City Intelligently Designed Transit?
So one of my roommates left a copy of Sierra Magazine on the john. Within it I found an article about a cheap transit solution, which essentially involves treating the bus like a subway on surface streets — that is, prepaid, curb-level boarding gates with physically separated lanes for the buses. Over the last two weeks I’ve spent most of my toilet time daydreaming about the prospect of a sexy Seattle transit system. Today I finally got around to checking out the website for the Bus Rapid Transit system. Turns out the Cascadia Center (the one funded by scientifically minded Christian fundies - AKA the Discovery Institute), is already on the ball. In fact, the meeting just happens to be tomorrow afternoon:
A New Vision for Developing Transit for Livable Cities
An Afternoon with Enrique Peñalosa
Rainier Square Atrium, located at 1333 Fifth Avenue in Seattle, on Wednesday, September 27, at 1:30 p.m. Registration begins at 1:00 p.m. Cost for the event is $15 and includes a hosted reception.
Finally, something enviro-hippies and neo-con fundies can agree upon.
-Brandon Eng
Bus Rapid Transit (BRT) isn't, and never will be, actual rapid transit. It will never be as fast as a subway or monorail. Why? Because it has to share the road with cars. Regardless of the sexy vehicles, or the prepaid separated boarding gates, or the bus-only lanes, BRT still has to stop at intersections, and takes away lanes that cars currently use.
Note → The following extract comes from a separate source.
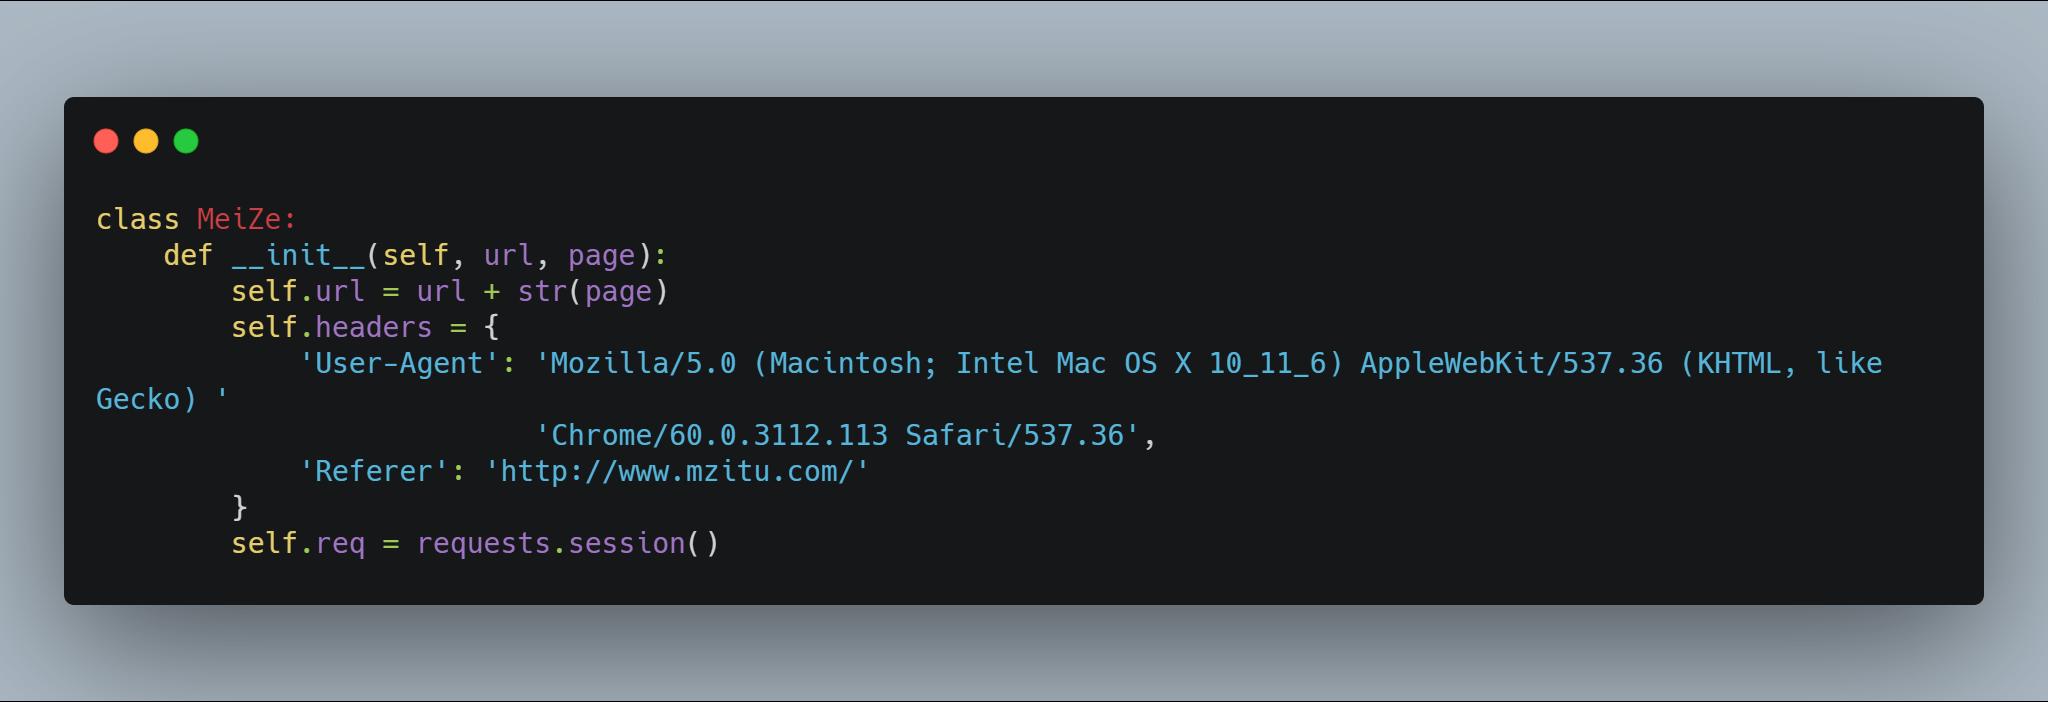 单击鼠标所展示的浮动文字特效的js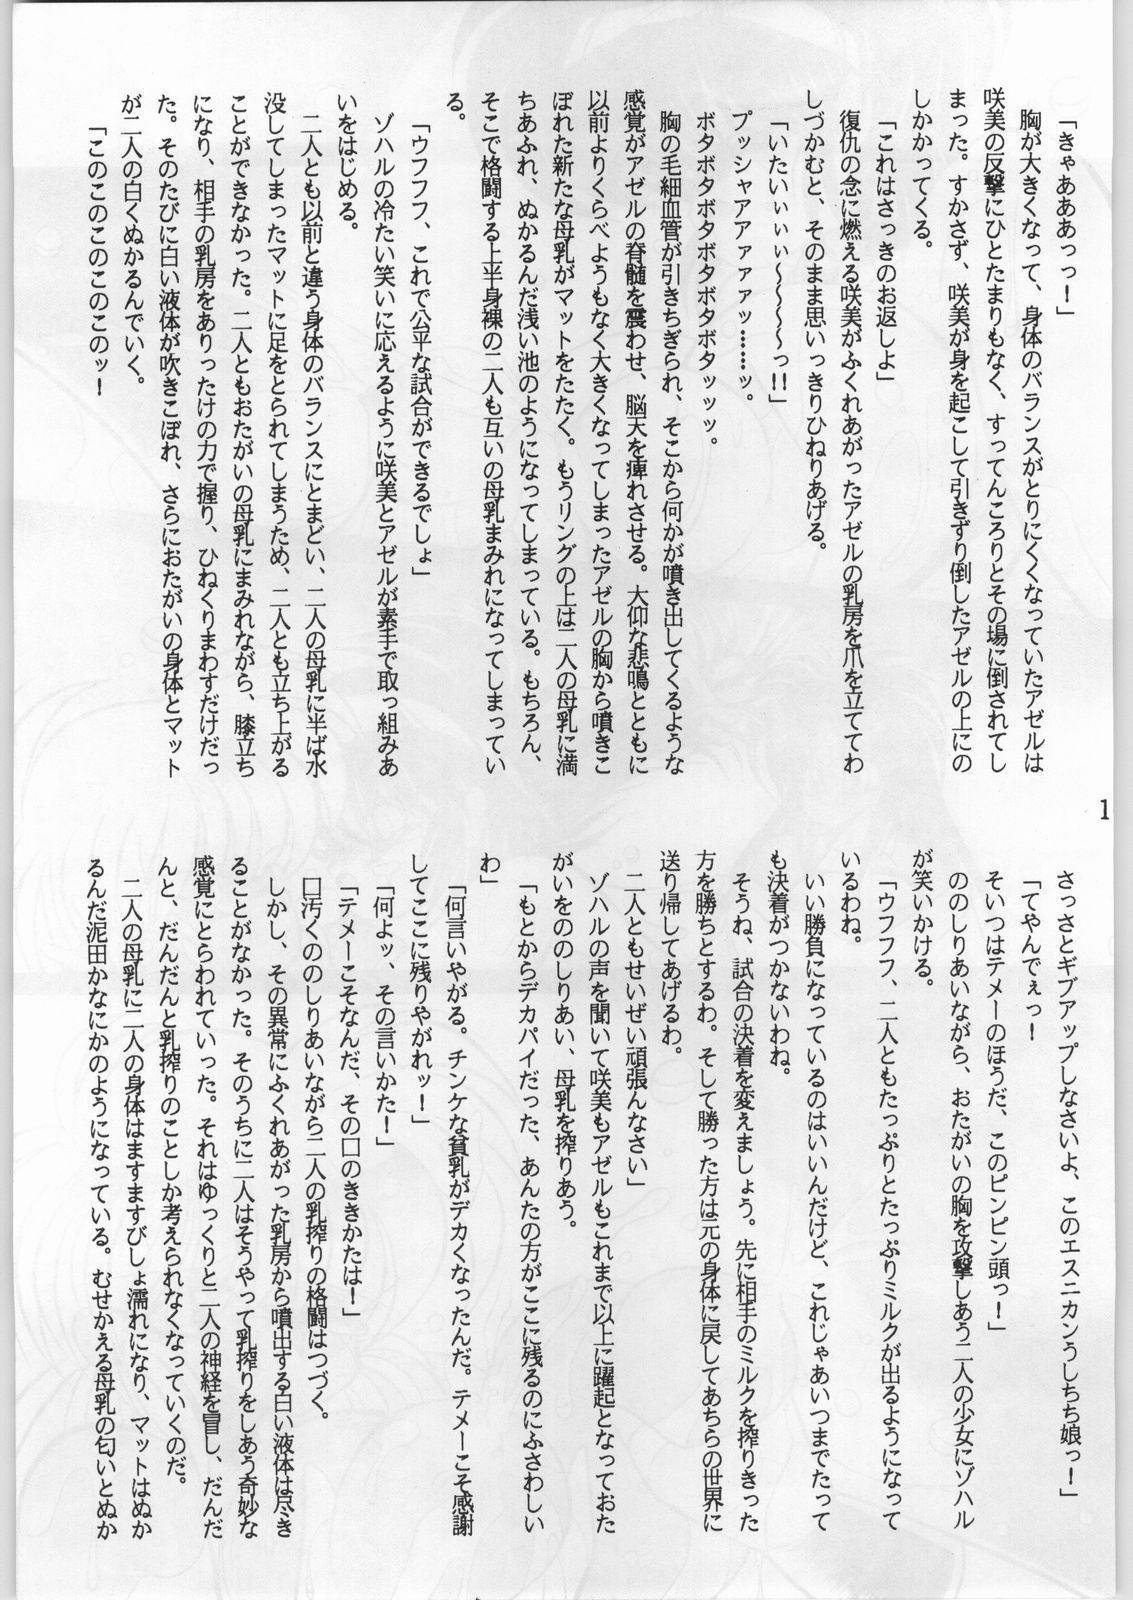 Bouhatsu Komusume 107

Just look at 3rd Ave, which is currently being used as a temporary substitute for the Bus Tunnel during rush hour. This is more-or-less what BRT would look like. It takes 3rd Ave off the grid for cars, forcing all other vehicles off onto other streets, making other streets more clogged. Despite having 3rd Ave all to themselves, busses still travel much slower down 3rd Ave than they used to in the bus tunnel (where there were no stop lights).
The only true "rapid" transit is getting the vehicles (light rail, monorail, or whatever) OFF the streets. Either above ground or below ground, where it isn't competing with cars (and intersections, and stop lights, and pedestrian traffic). That way they only have to stop at transit stops to let people on/off, and don't fight with cars for the same pavement.
BRT is better than nothing. It would be somewhat faster than the current system of busses. And every full bus load of passengers means 40 less cars on the road. But BRT is a poor substitute for real rapid transit. It is slower for passengers than real rapid transit, and it makes at least some of the streets worse for other vehicles.
If you have an effective transit system (light rail, monorail, or whatever) that is faster and more convenient than driving, then you'd really get a lot of people out of their cars and using the transit system. As long as transit is slow and inconvenient, most people who have the option will opt to stay in their cars.